Pricing and Accessibility of GPT-5.5

For developers who will integrate GPT-5.5 into their applications via the API, billing will be consumption-based, meaning $5 per million tokens for input and $30 per million tokens for output. The Pro version is significantly more expensive, with amounts of $30 and $180 respectively. These prices may seem high at first glance, but OpenAI assures that GPT-5.5 requires fewer tokens than GPT-5.4 to accomplish the same tasks.

GPT-5.5 is available today for Plus, Pro, Business, and Enterprise subscribers, both in ChatGPT and Codex. In the latter, the model can handle very long documents and exchanges thanks to a context window of 400,000 tokens. The even more powerful Pro version is reserved for Pro, Business, and Enterprise plans. As for developers who wish to integrate the model into their own applications, API access is expected to be announced very soon.
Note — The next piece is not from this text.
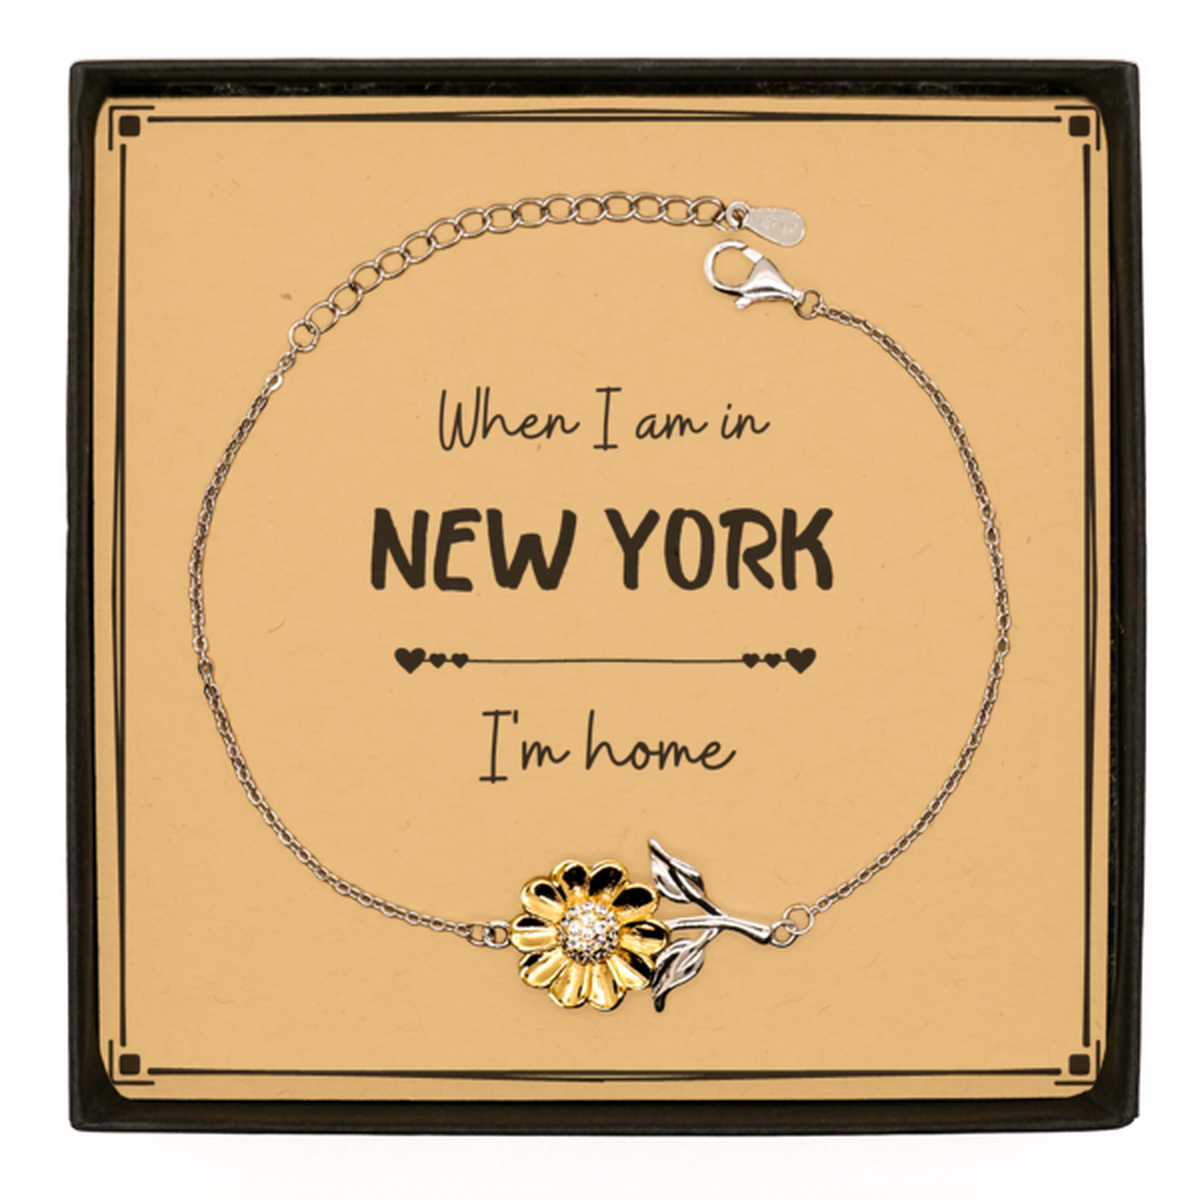 When I am in New York I'm home Sunflower Bracelet, Message Card Gifts For New York, State New York Birthday Gifts for Friends Coworker

One question remains that benchmarks do not answer: as OpenAI rolls out more powerful, more autonomous models accessible to a wider audience, the promise of safeguards "keeping pace" will be difficult to uphold and, above all, hard to verify from the outside. GPT-5.5 may be the most impressive model OpenAI has ever released. But the company ultimately remains the sole judge of what its own model is capable of doing wrong.